* _Data shown_:

◆ ◆ ◆ ◆ ◆ ◆ ◆

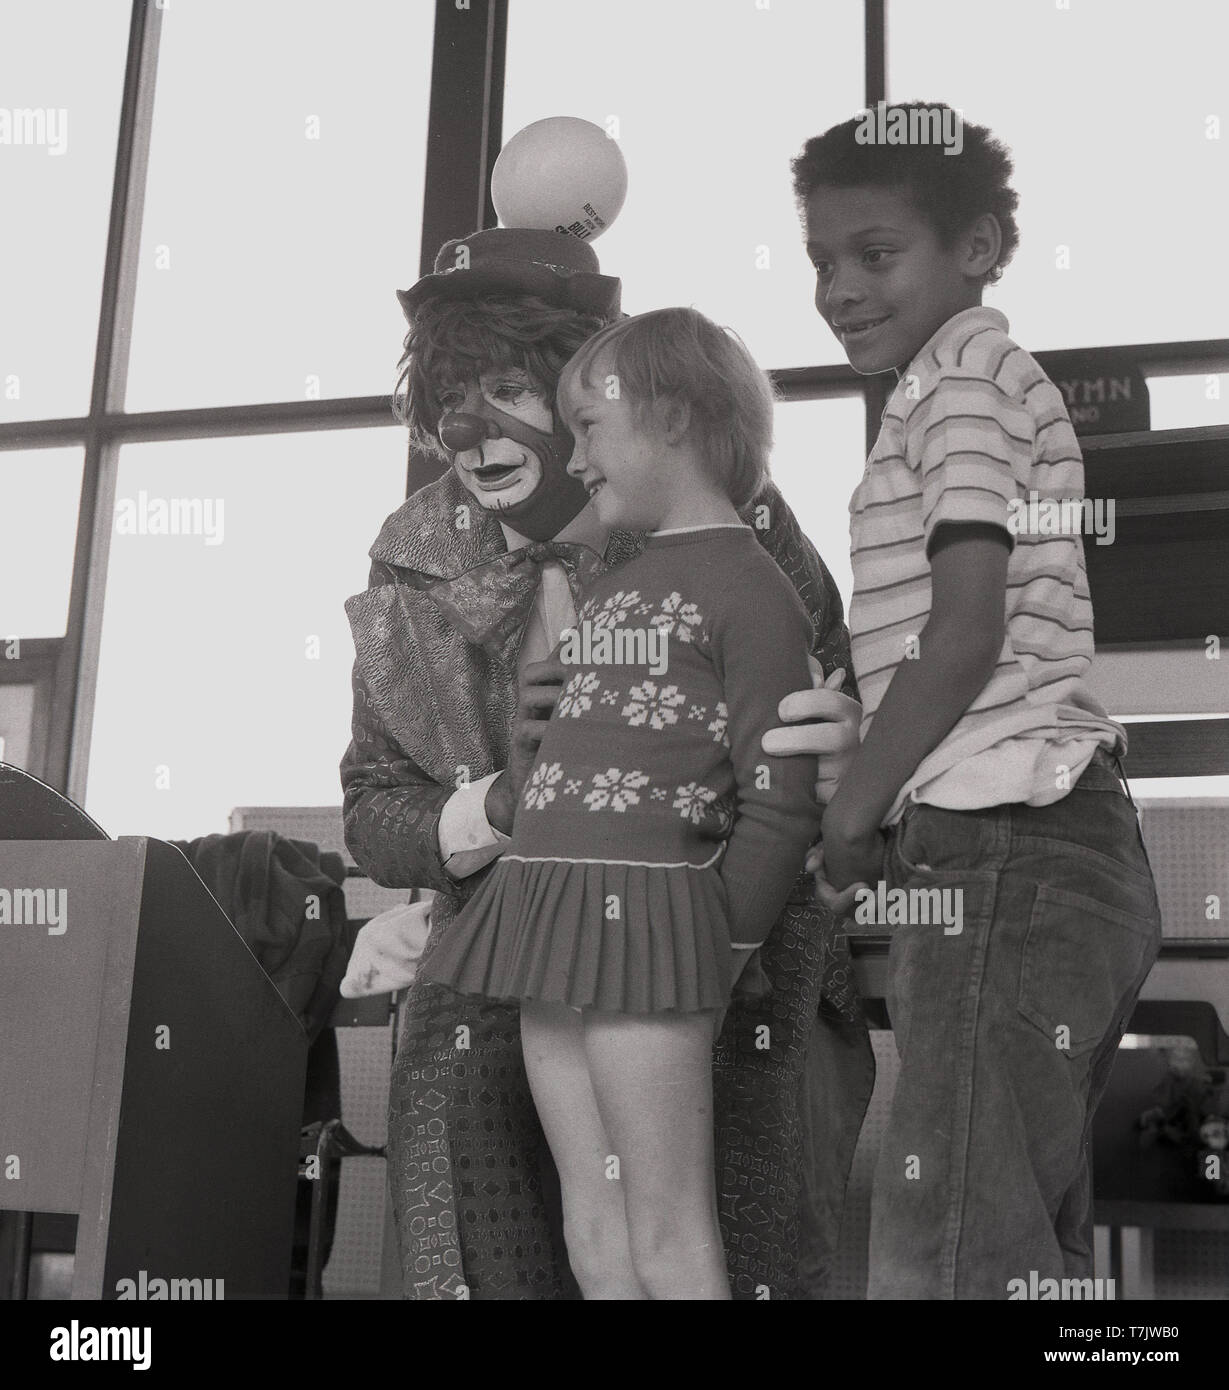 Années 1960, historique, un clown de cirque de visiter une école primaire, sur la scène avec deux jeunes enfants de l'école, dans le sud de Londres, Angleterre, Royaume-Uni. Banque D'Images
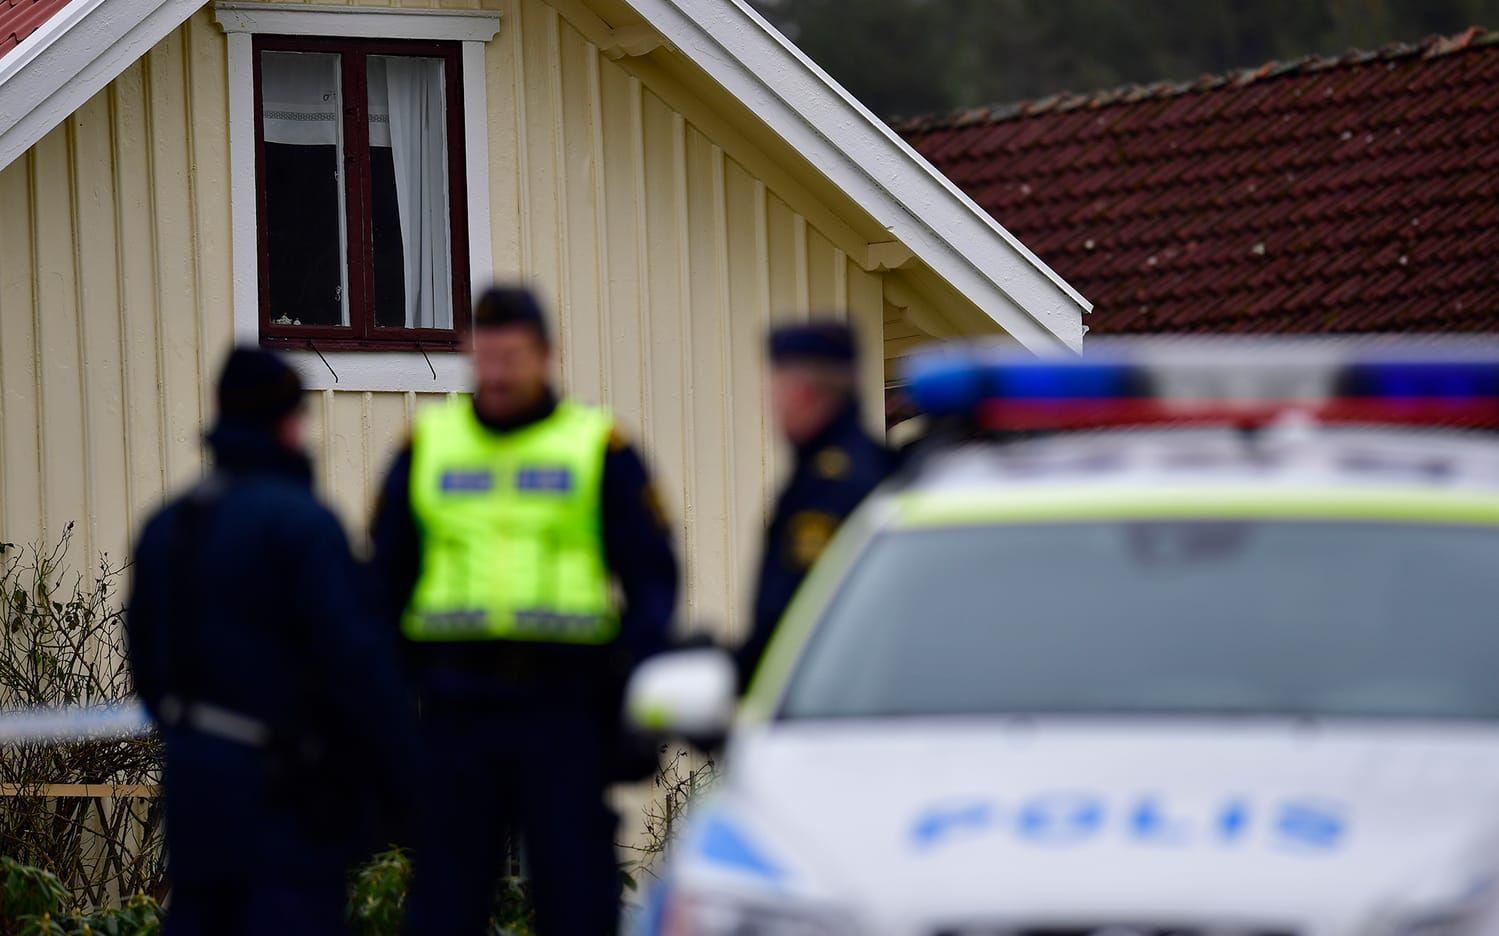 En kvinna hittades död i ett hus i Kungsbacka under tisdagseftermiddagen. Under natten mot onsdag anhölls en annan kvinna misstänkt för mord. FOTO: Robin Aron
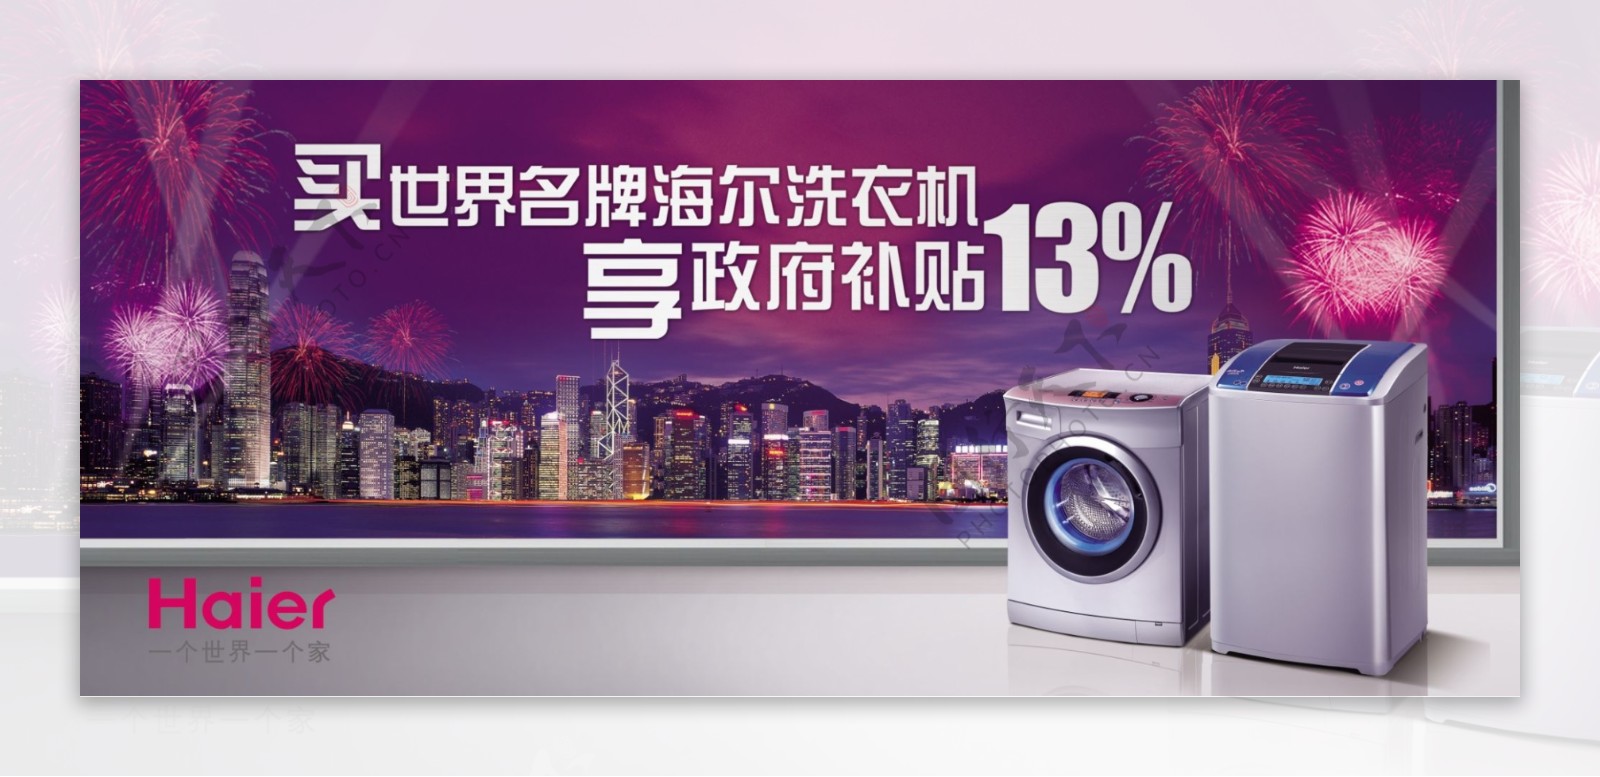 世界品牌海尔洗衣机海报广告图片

◆ ◆ ◆ ◆ ◆ ◆ ◆

* _Directions_: Images are to be left out; everything else in the material must be written out exactly.

* _Solution_:
 Années 1960, historique, un clown de cirque de visiter une école primaire, sur la scène avec deux jeunes enfants de l'école, dans le sud de Londres, Angleterre, Royaume-Uni. Banque D'Images
 En kvinna hittades död i ett hus i Kungsbacka under tisdagseftermiddagen. Under natten mot onsdag anhölls en annan kvinna misstänkt för mord. FOTO: Robin Aron
 世界品牌海尔洗衣机海报广告图片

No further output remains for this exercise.